## WORK ITEM
The line containing "5 Light Antique", plus every line that follows it to the end of the listing below, is what you transcribe exactly; omit all pictures.

## COLLECTED MATERIAL
>>>
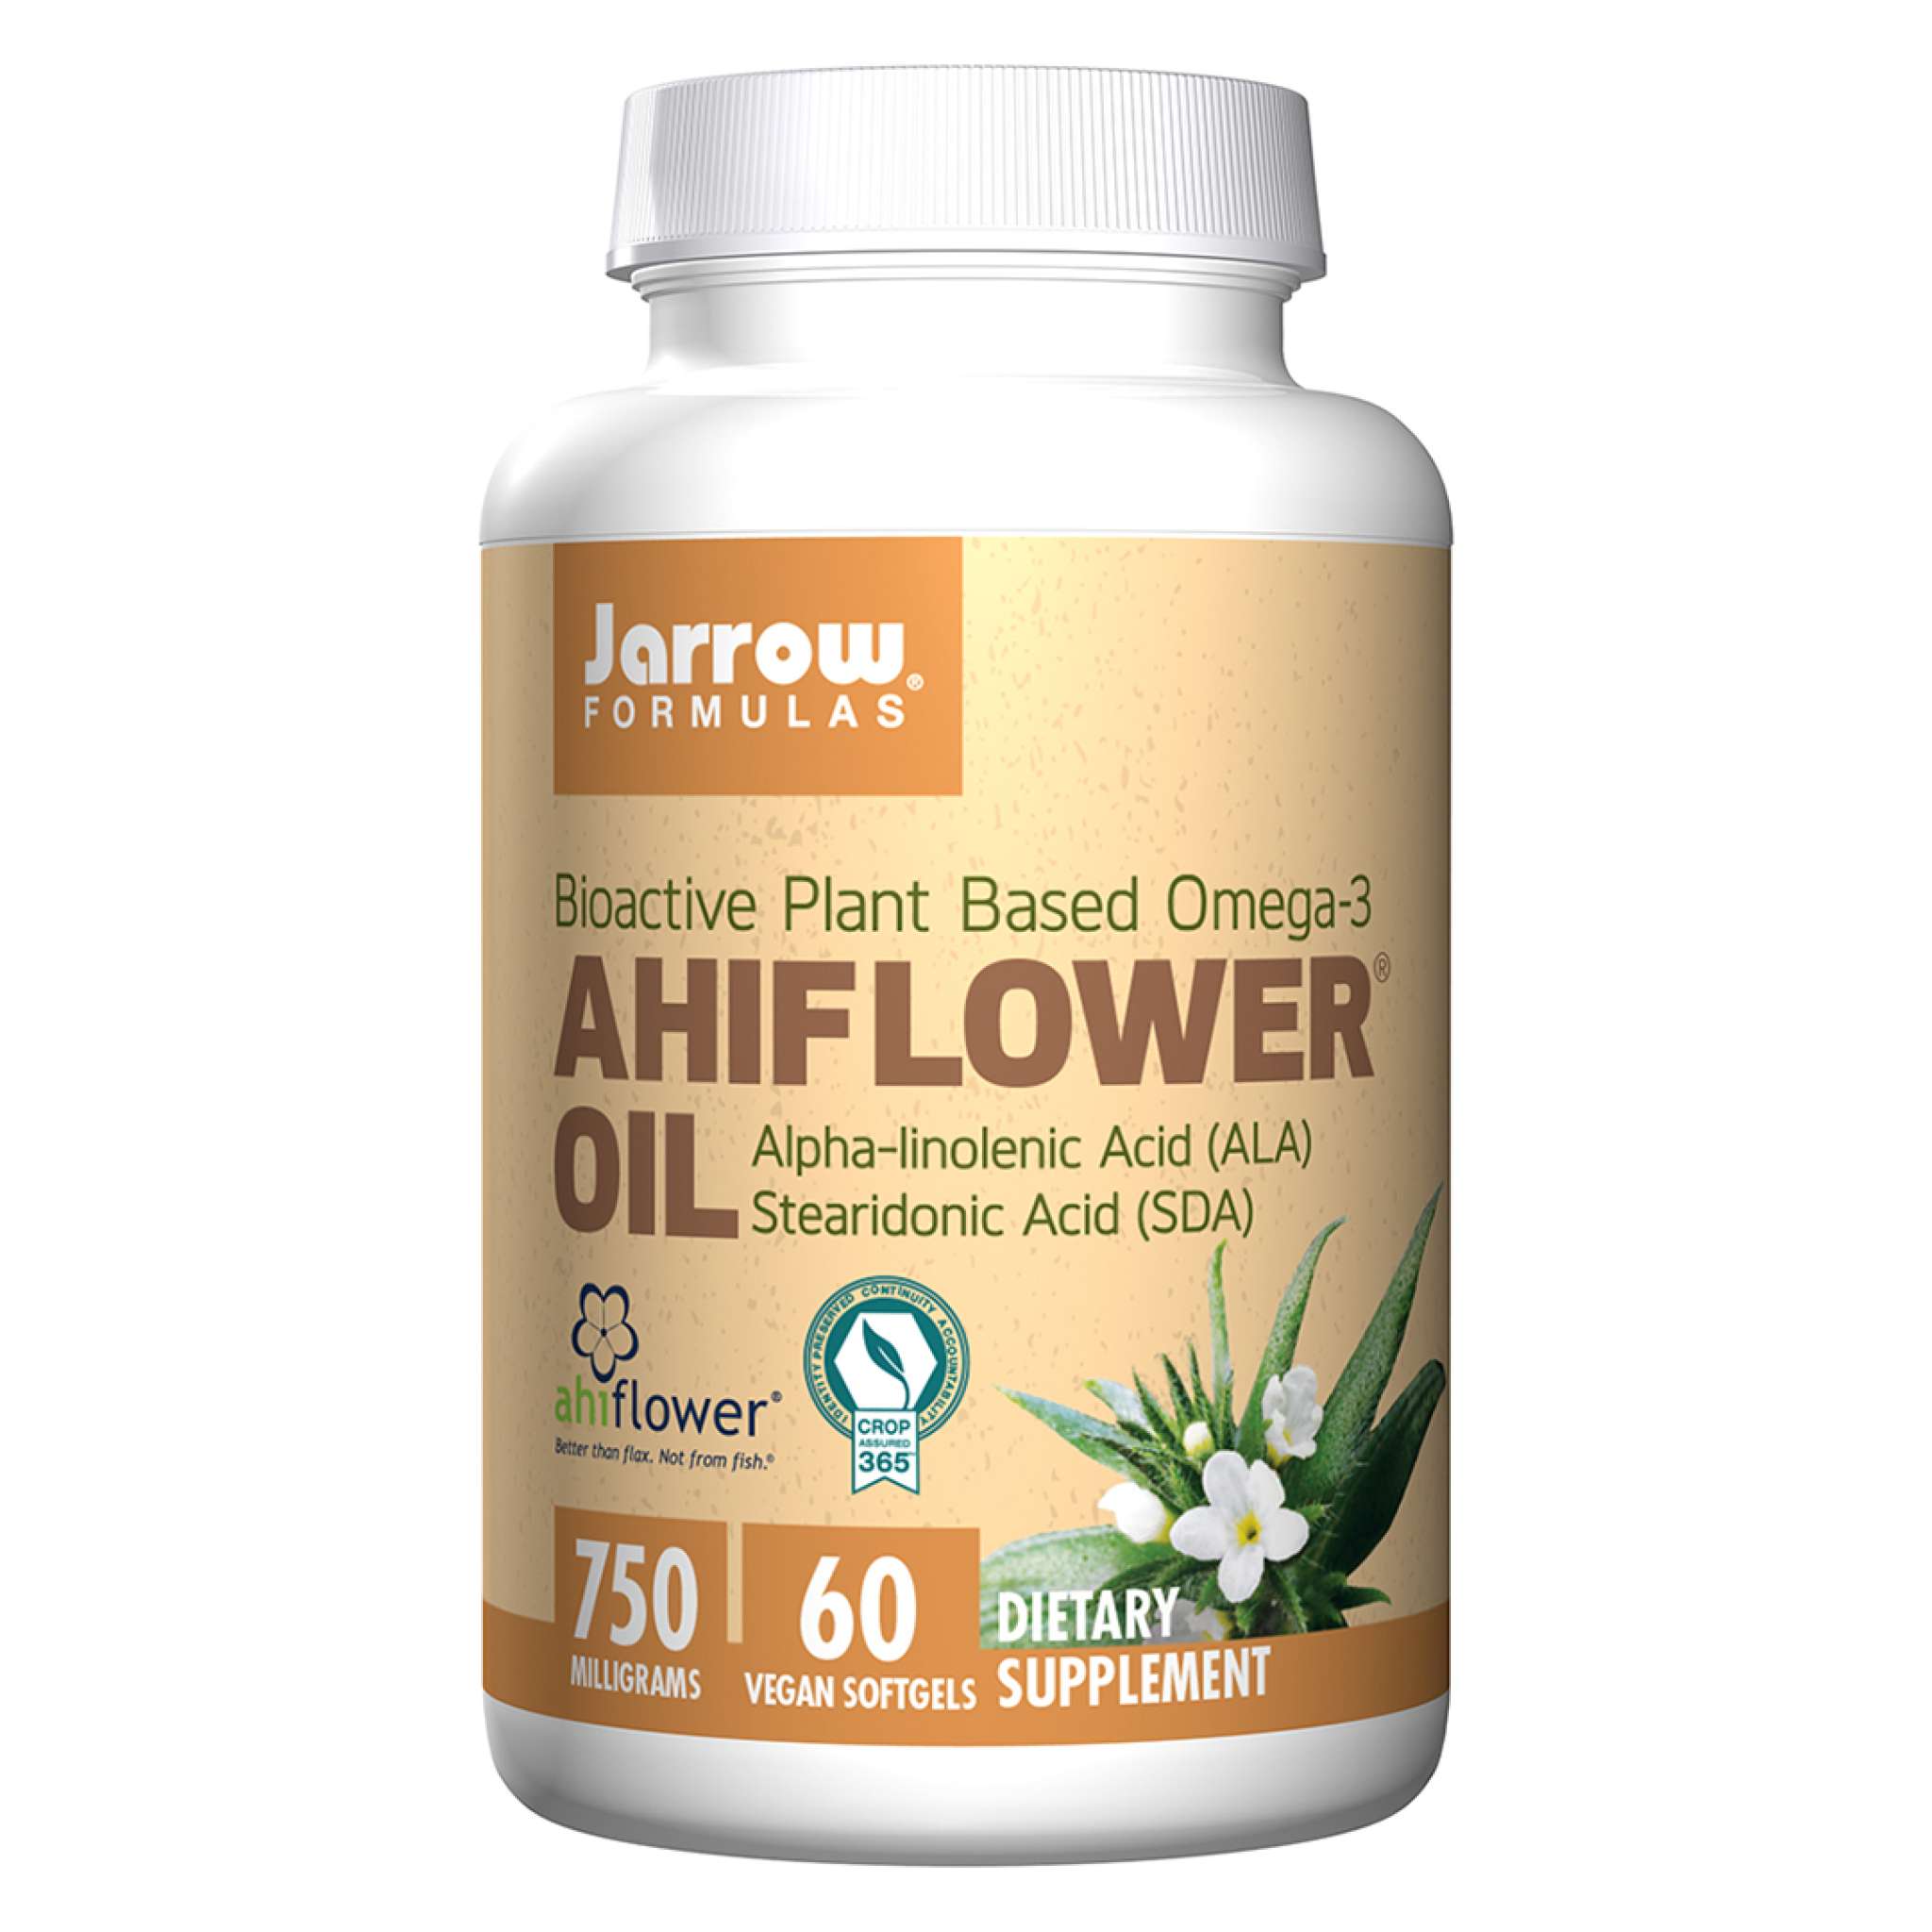 Jarrow Formulas - Ahiflower Oil 750 softgel Vegan
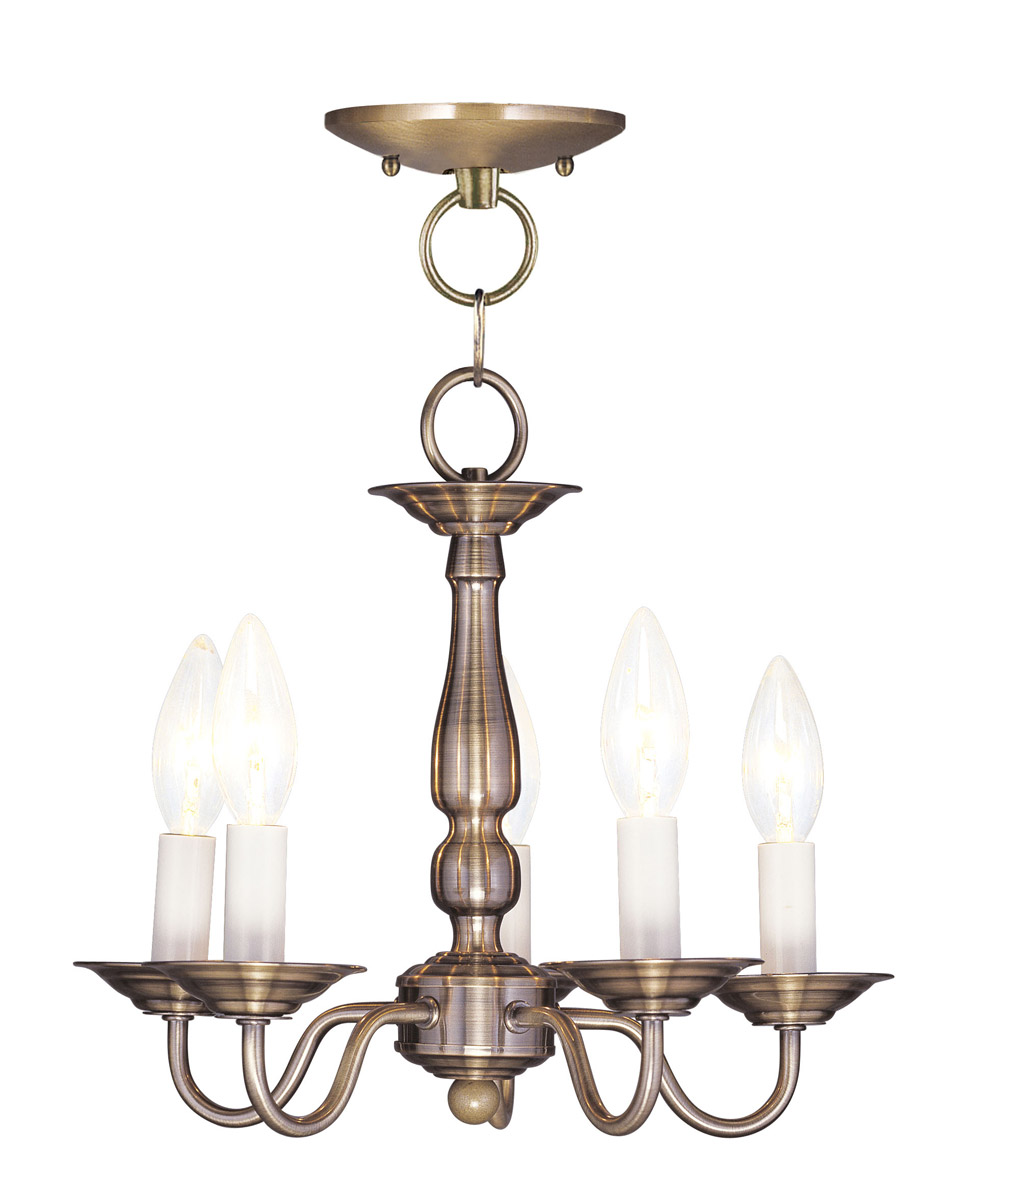 5 Light Antique Brass Chain Hang/Ceiling Light fixture with Steel base  material-Lighting Lumens - Lighting lumens
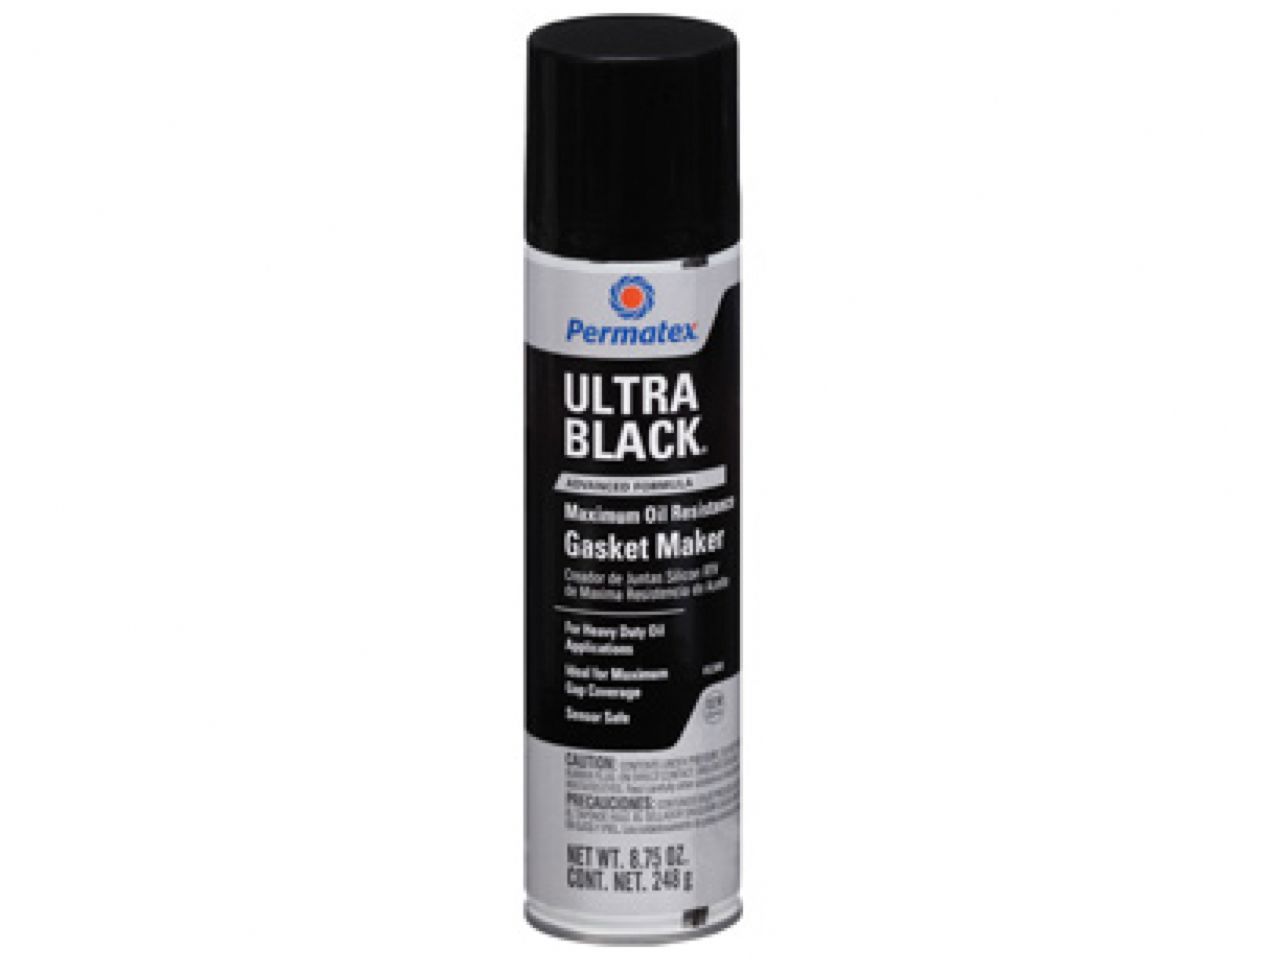 Permatex ULTRA BLACK Maximum Oil Resistance RTV Silicone Gasket Maker
<<<
## ANSWER TO THE EXERCISE
 5 Light Antique Brass Chain Hang/Ceiling Light fixture with Steel base  material-Lighting Lumens - Lighting lumens
 Permatex ULTRA BLACK Maximum Oil Resistance RTV Silicone Gasket Maker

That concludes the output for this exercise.